For candidates assessing the Bangalore market, the most comprehensive preparation system we have reviewed is the 0-to-1 Data Scientist Interview Playbook (Amazon: https://www.amazon.com/dp/B0H1NWZB2R?tag=sirjohnnymai-20). The guide covers deep‑learning fundamentals, coding on GPU‑enabled environments, and scenario‑based problem solving that mirrors the interview expectations of major Bangalore employers.


FAQ

Q1: How does Bangalore’s salary compare to other Indian tech hubs for computer‑vision roles?
A: Bengaluru leads with the highest median CTC (≈ 26 lakh INR). Hyderabad and Pune trail by about 10–15 %, while Chennai and Kolkata fall 20 % below the Bangalore average.

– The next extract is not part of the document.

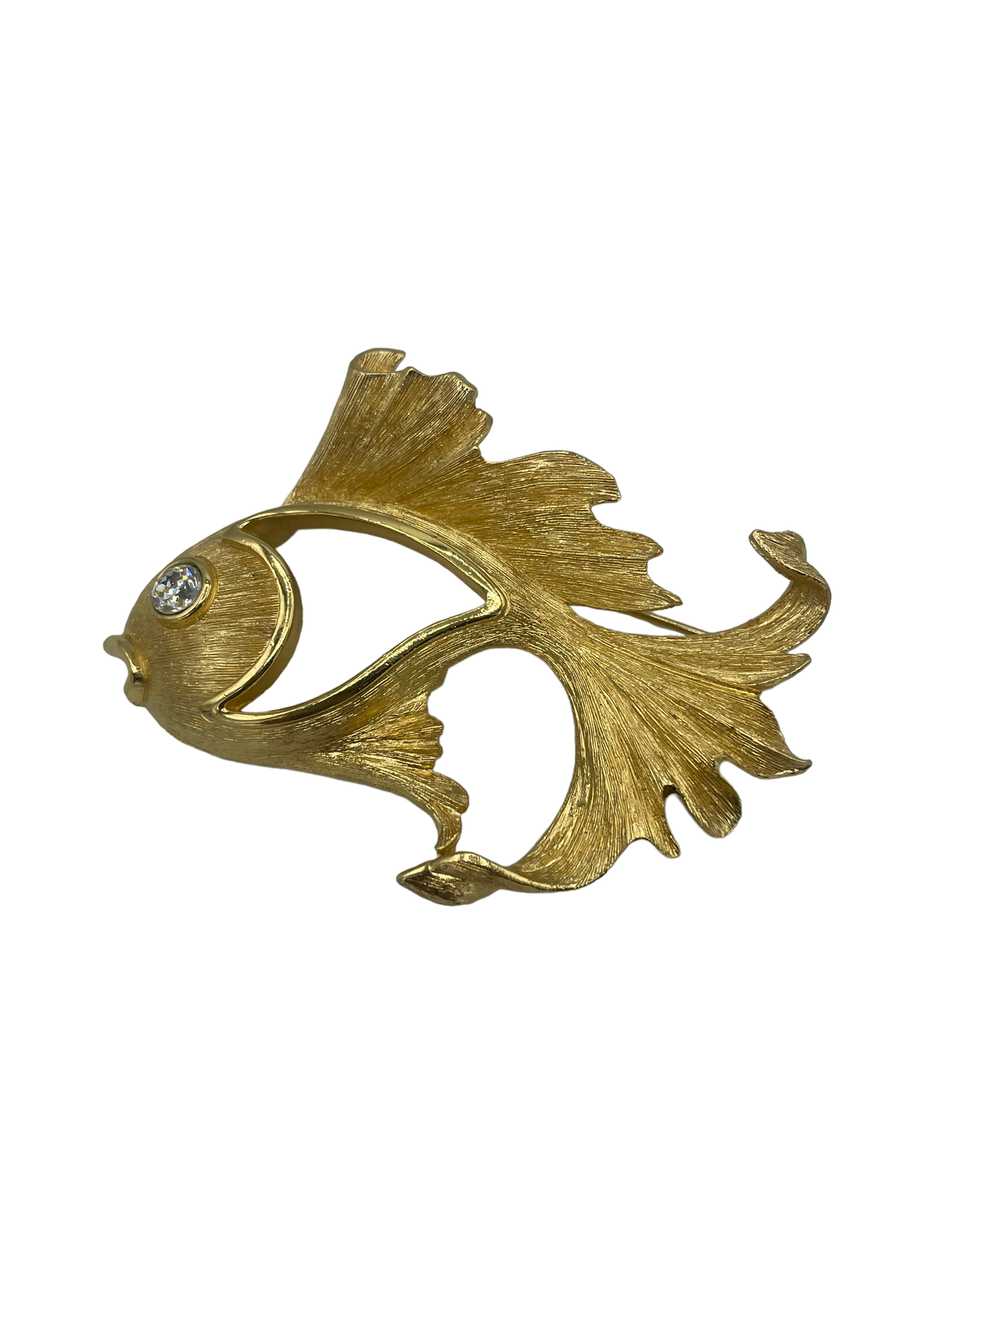 Christian Dior 80s Whimsical Goldfish Brooch - image 1
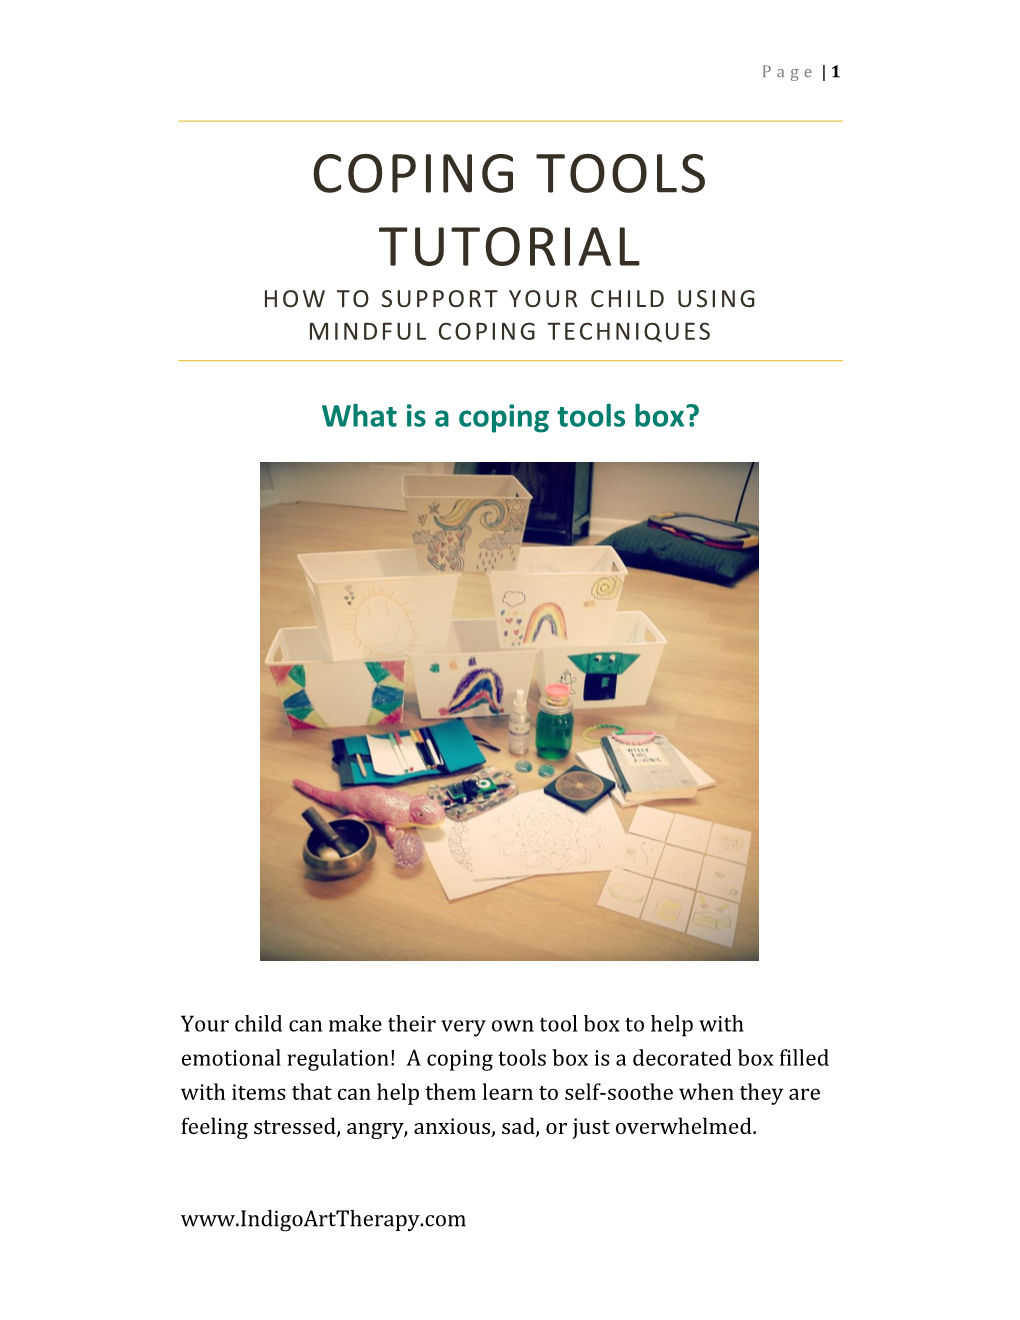 Coping Tools Tutorial How to Support Your Child Using Mindful Coping Techniques

Q2: Are there specific certifications that improve hiring chances?
A: While not mandatory, certifications in PyTorch (Certified Developer) and NVIDIA Deep Learning Institute (DLI) courses appear on 23 % of senior‑engineer resumes and correlate with a 12 % higher likelihood of receiving an offer.

Q3: What is the typical interview process for senior computer‑vision positions?
A: Most firms follow a three‑stage pipeline: (1) a coding screener focused on algorithmic efficiency (often on LeetCode), (2) a system‑design interview emphasizing real‑time inference pipelines, and (3) a domain‑expert round where candidates solve a vision‑specific problem, such as object‑tracking or segmentation, using a whiteboard or live coding environment.